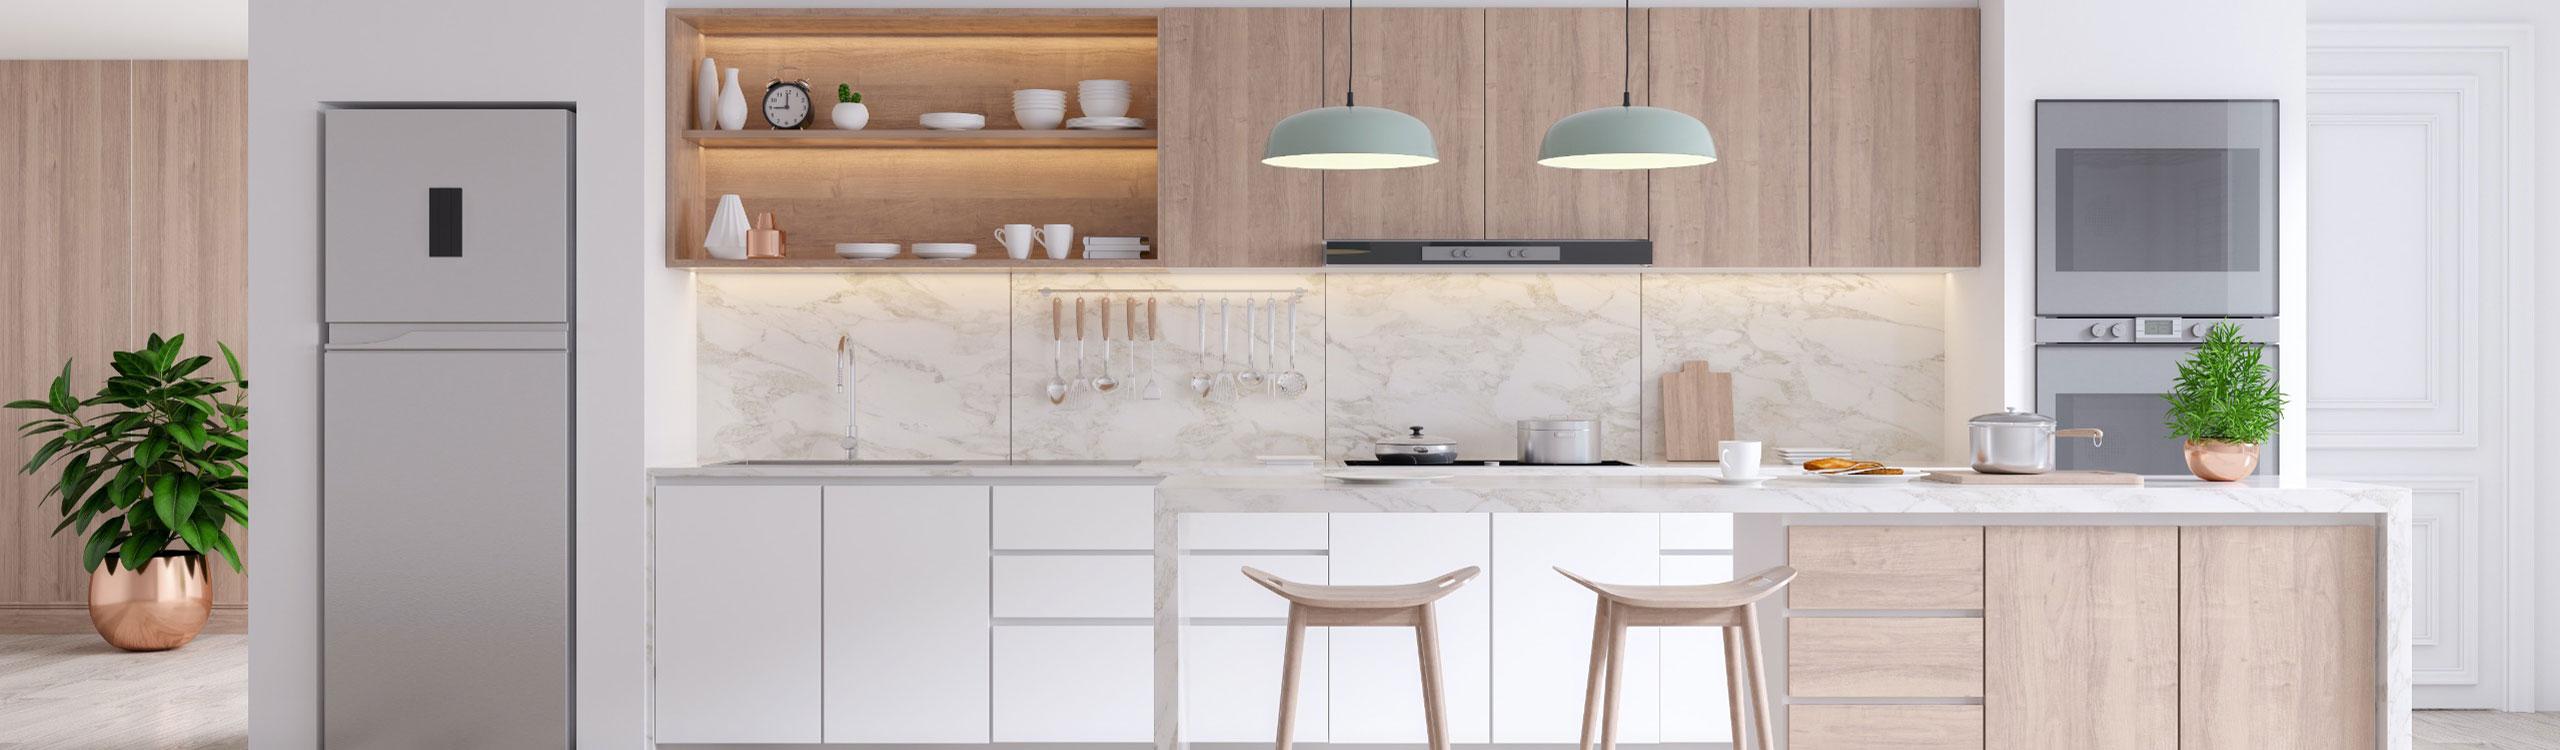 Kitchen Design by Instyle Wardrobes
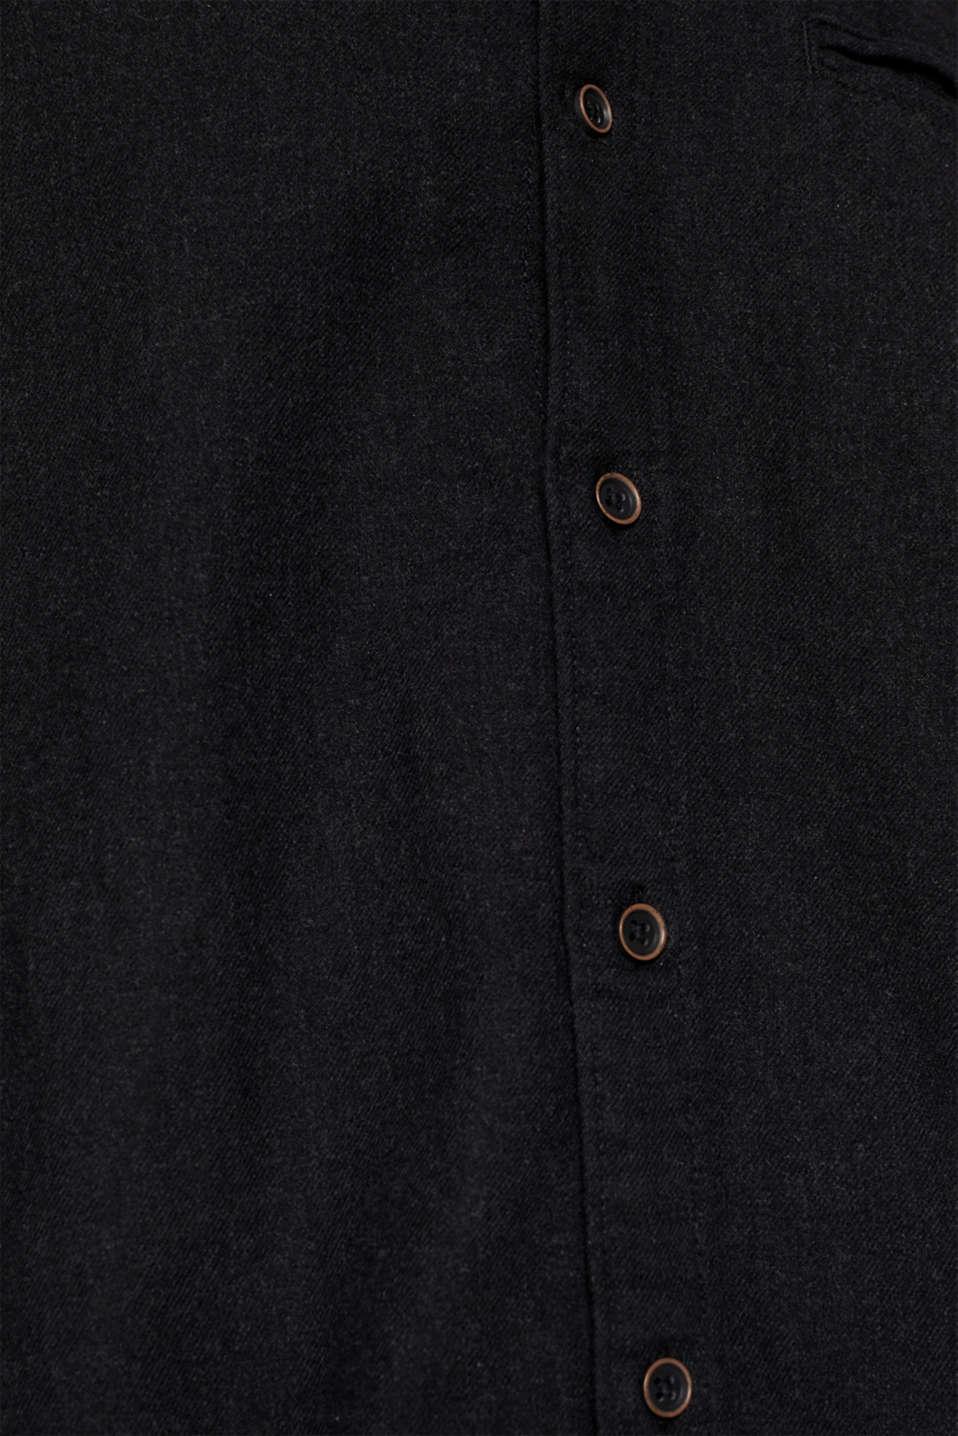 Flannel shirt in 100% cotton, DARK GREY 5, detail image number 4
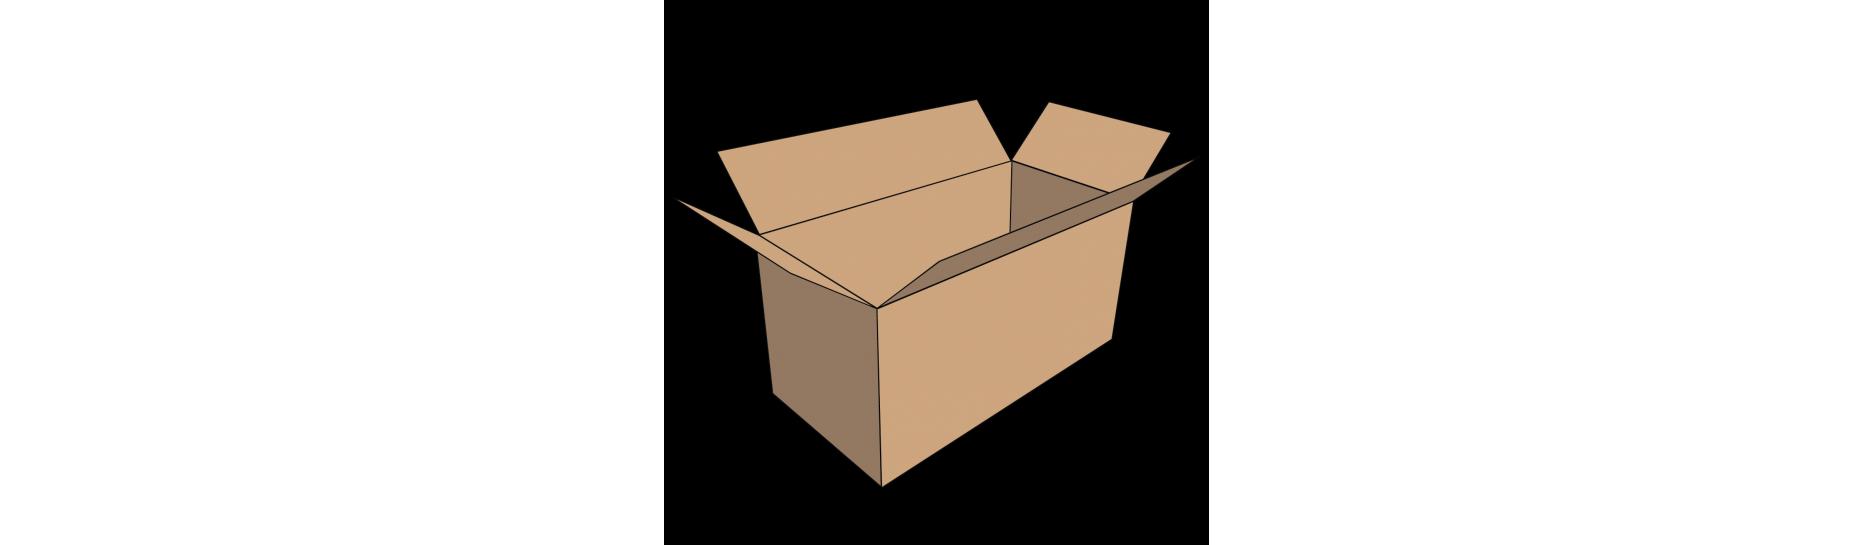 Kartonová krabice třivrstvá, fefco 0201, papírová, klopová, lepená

■ ABOUT THIS TASK ■
I need the lines from the line containing "Flannel shirt in" through the final line of the listing duplicated exactly, both ends included, with no pictures and nothing else.

■ ANSWER TO THE PROBLEM ■
 Flannel shirt in 100% cotton, DARK GREY 5, detail image number 4
 Kartonová krabice třivrstvá, fefco 0201, papírová, klopová, lepená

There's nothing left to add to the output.